TASK OBJECTIVE:
For the material below, reproduce exactly each line from the one that has "ETAPA 5 (XCM)" through the one that has "宝马线上娱乐网通过PCI认证", and no others; pictures stay out.

DATA SHOWN:
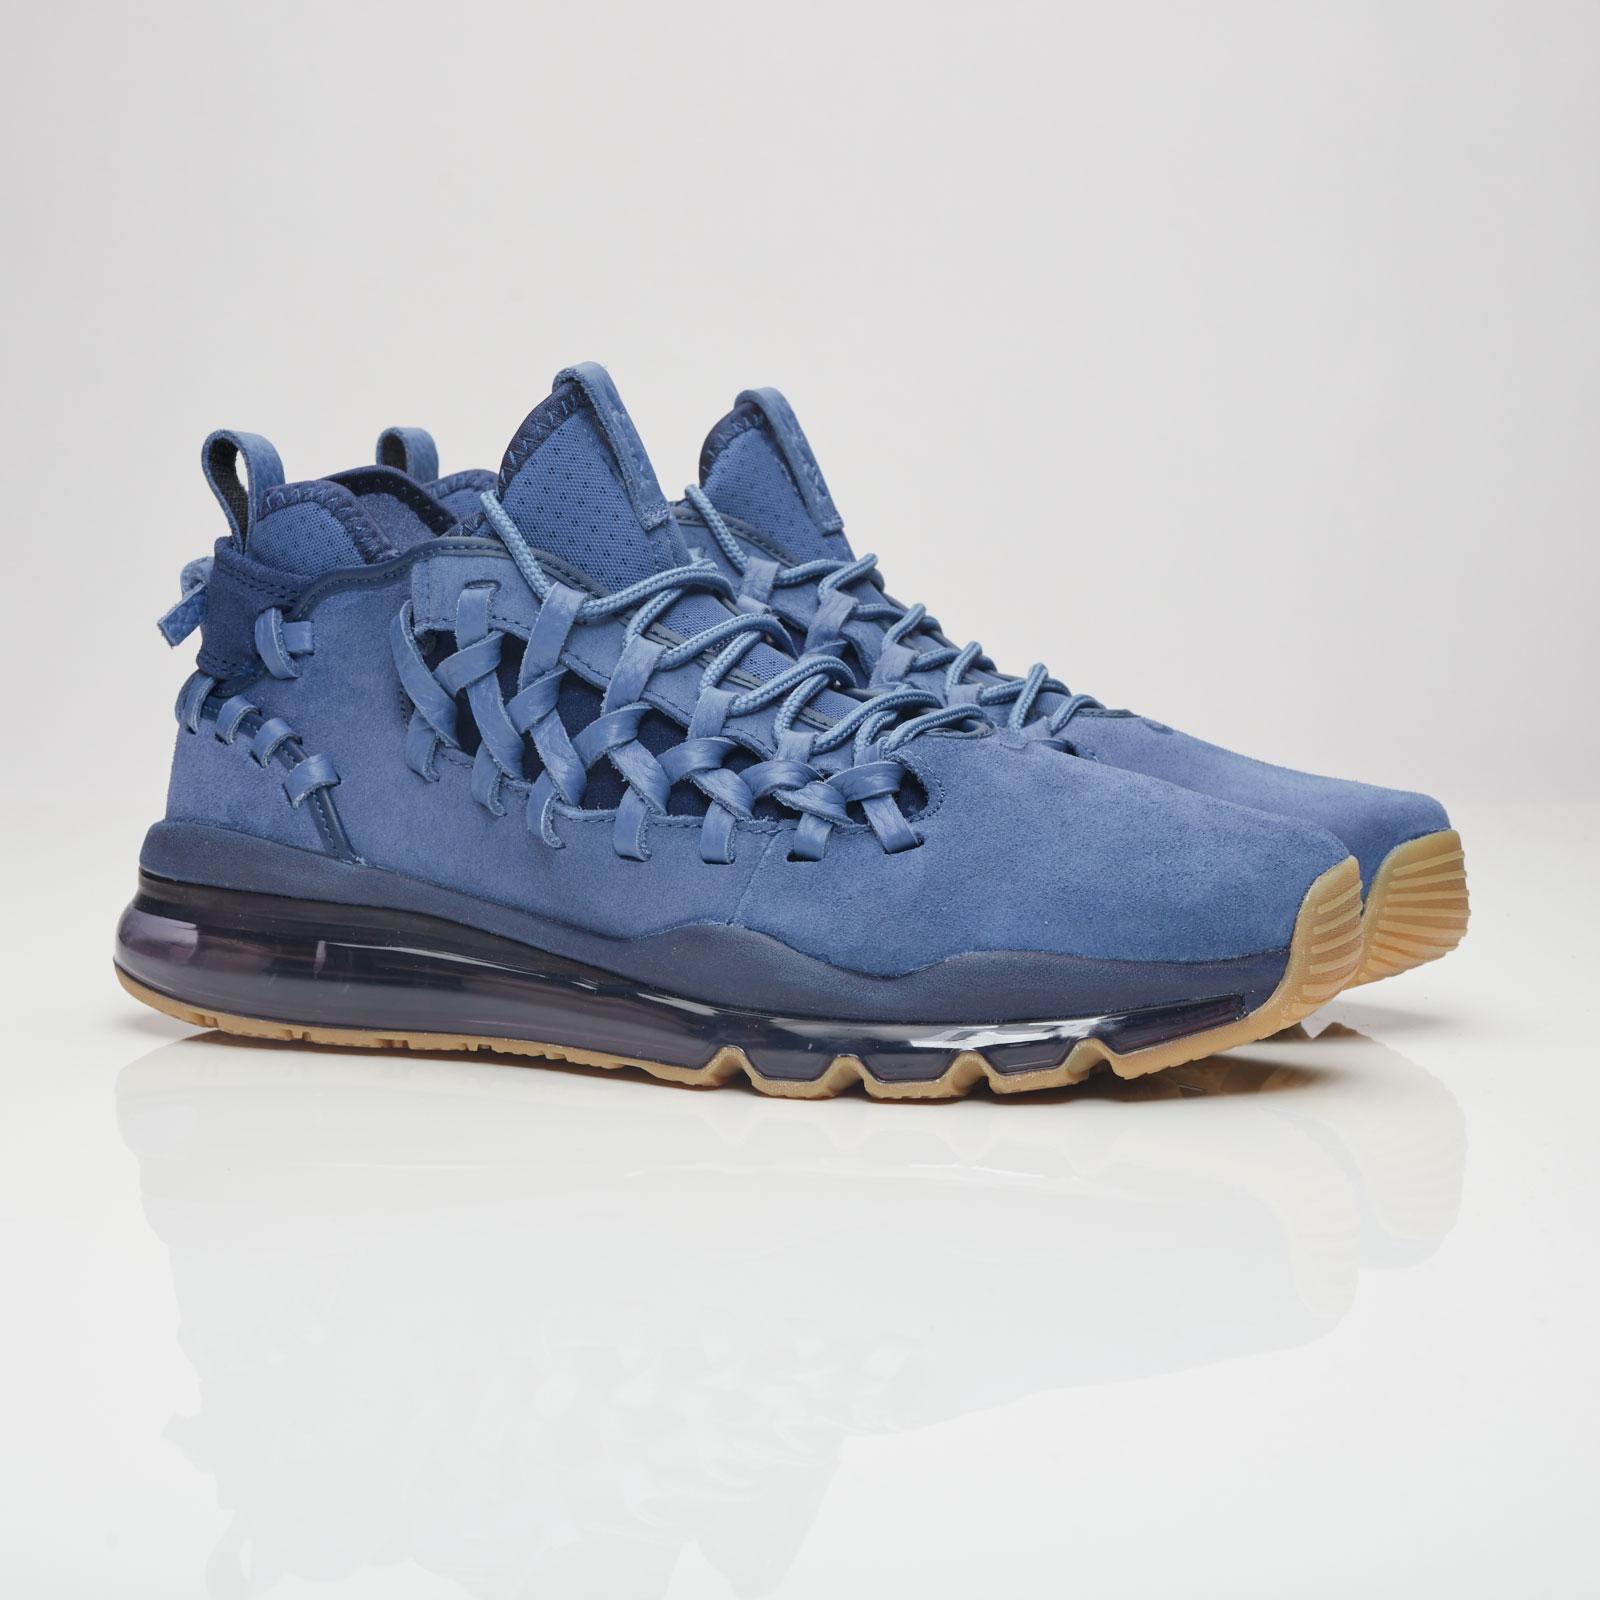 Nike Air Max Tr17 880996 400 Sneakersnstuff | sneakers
--
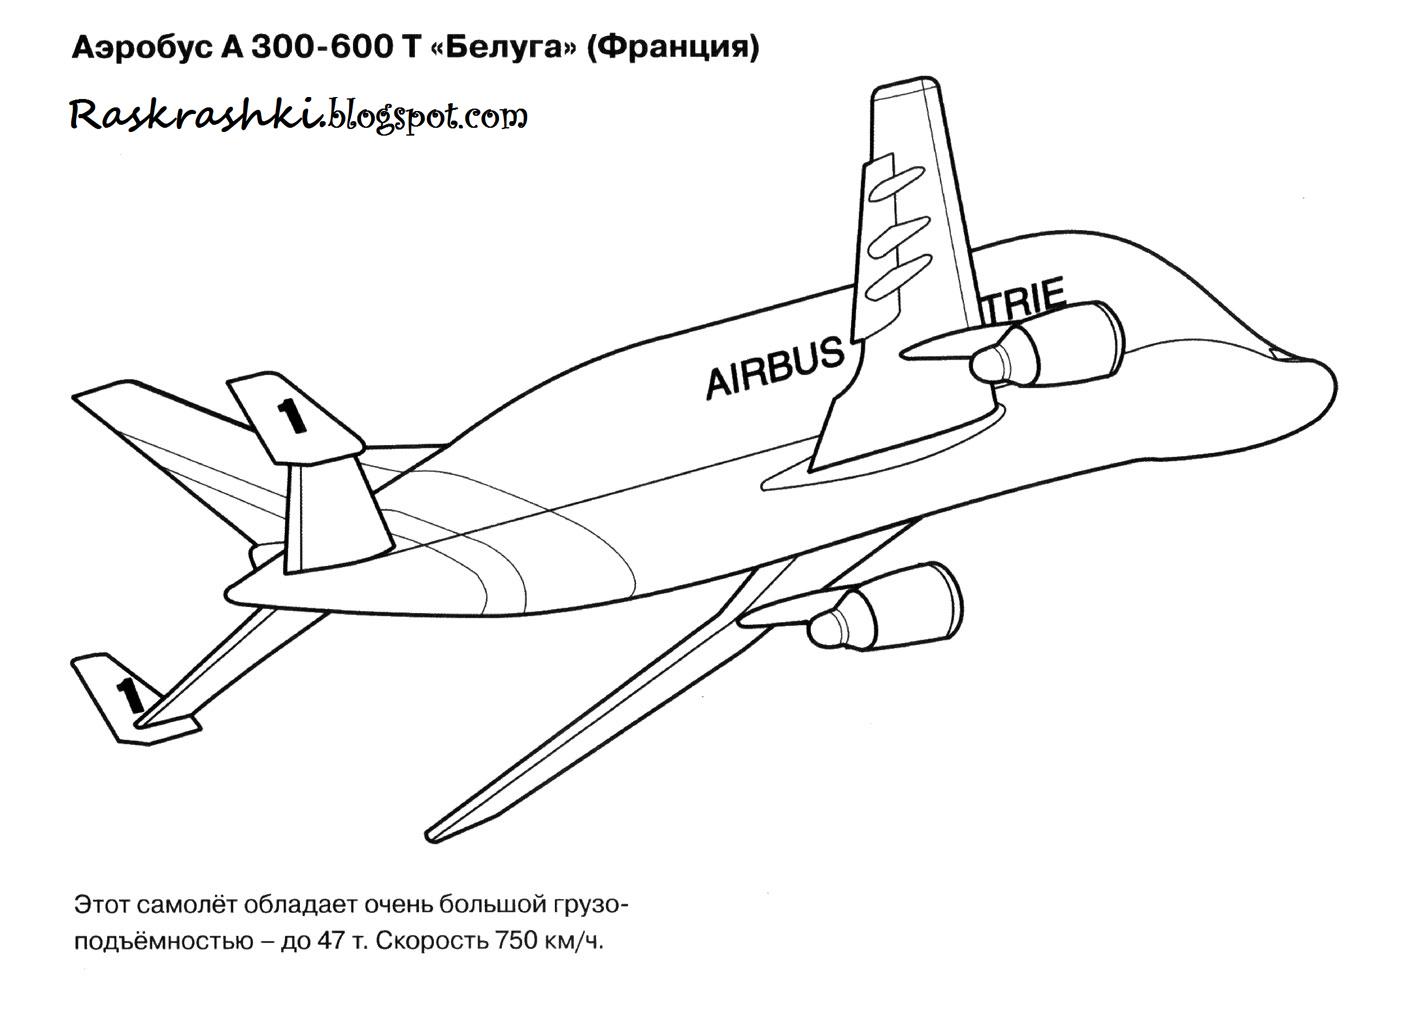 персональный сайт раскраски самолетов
==
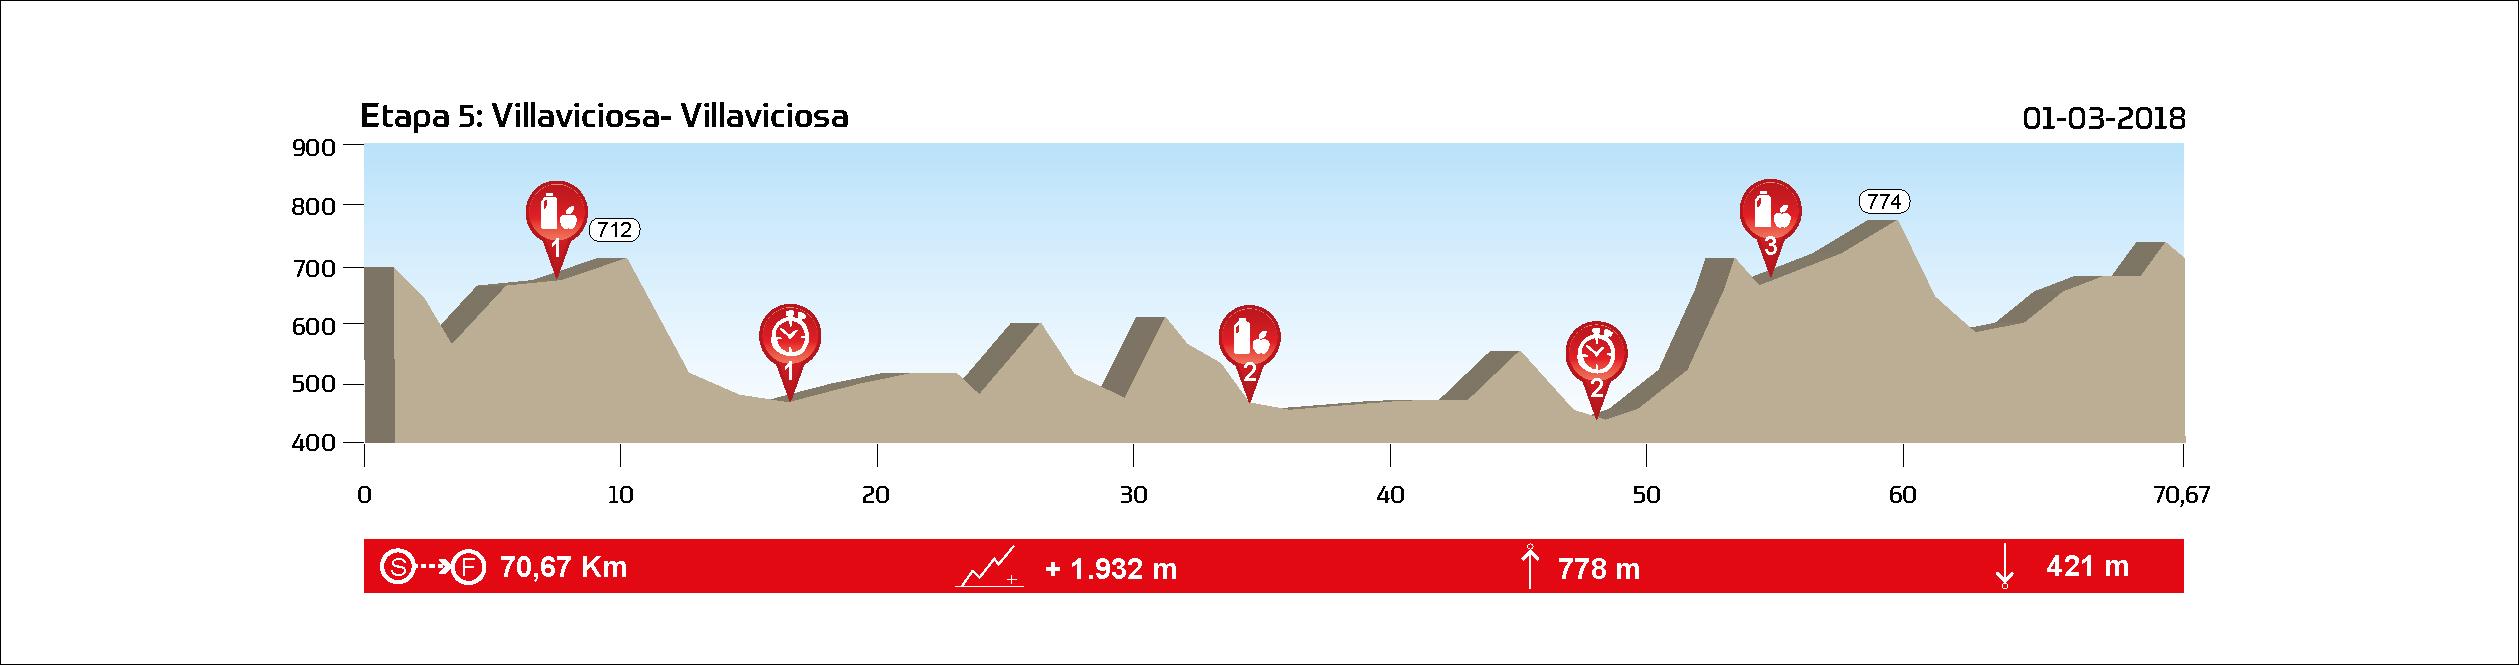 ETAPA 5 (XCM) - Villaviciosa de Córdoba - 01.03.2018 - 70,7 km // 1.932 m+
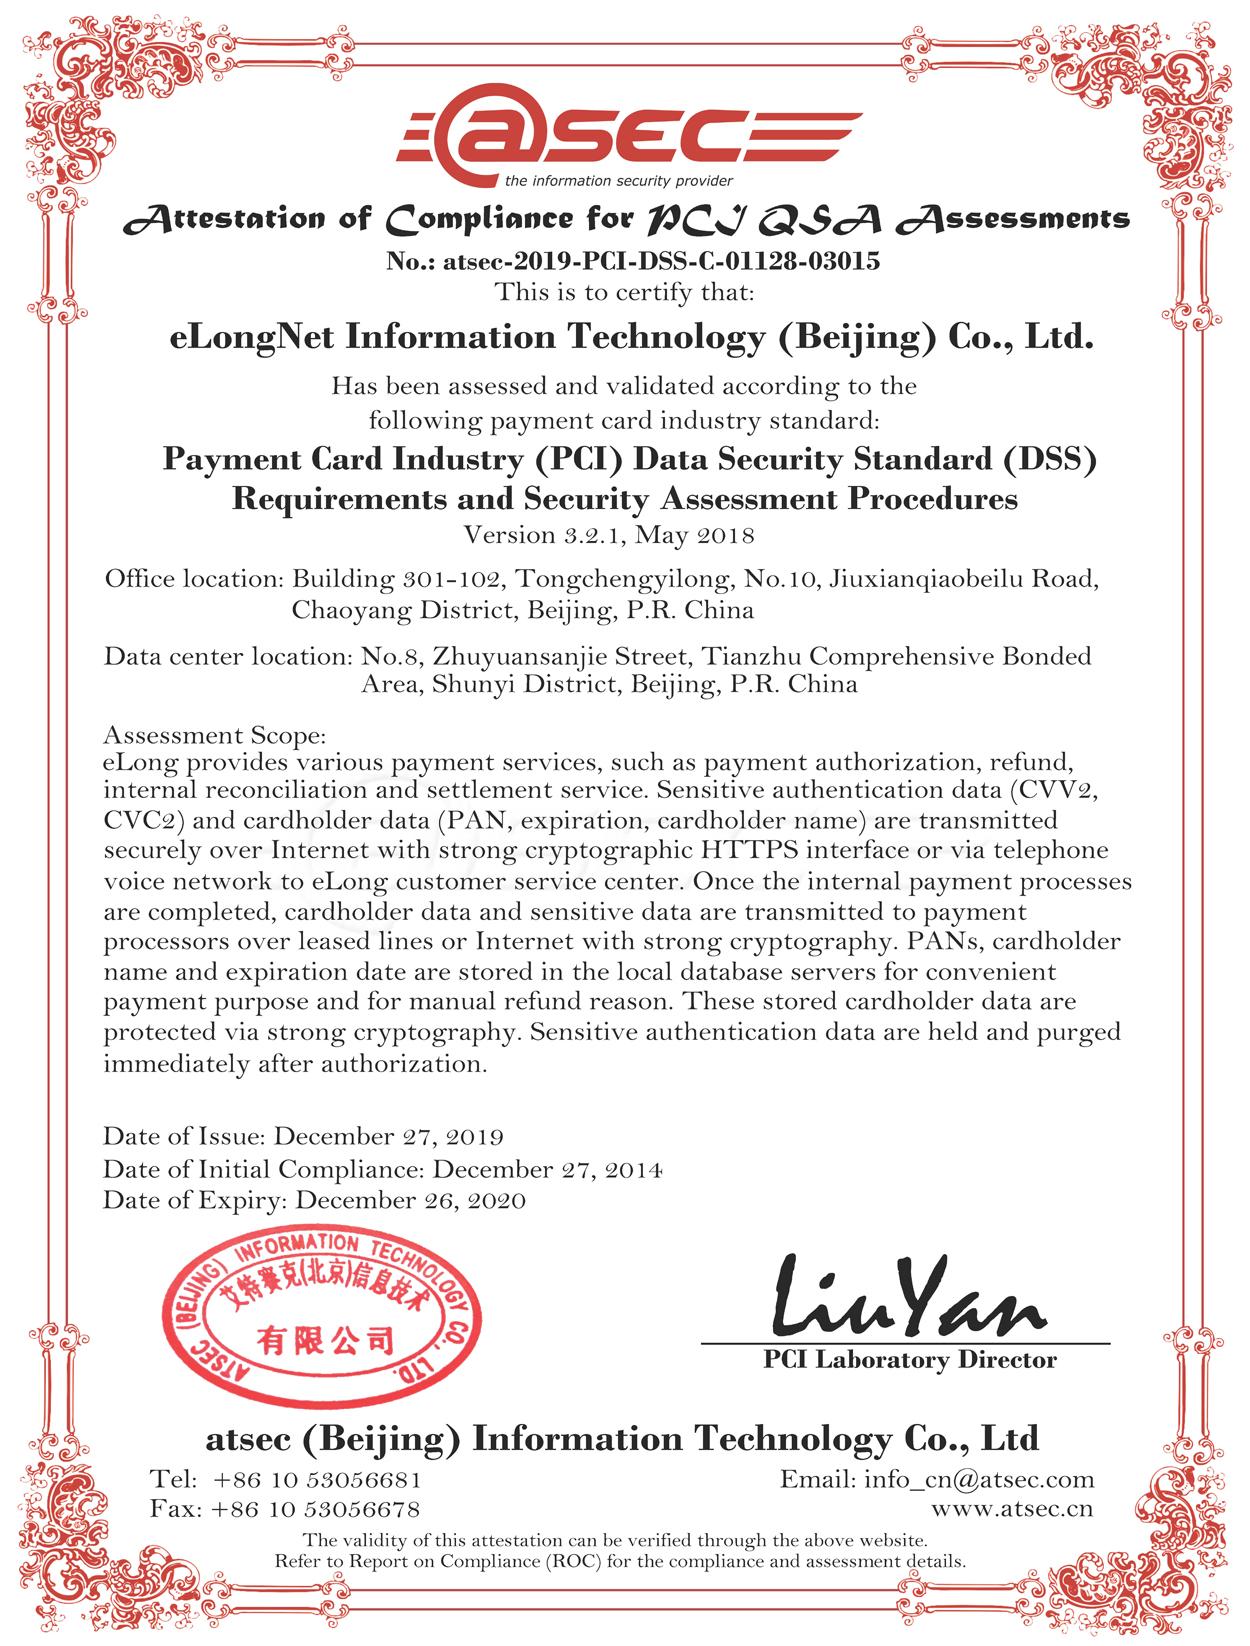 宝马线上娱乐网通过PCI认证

OUTPUT BELOW:
 ETAPA 5 (XCM) - Villaviciosa de Córdoba - 01.03.2018 - 70,7 km // 1.932 m+
 宝马线上娱乐网通过PCI认证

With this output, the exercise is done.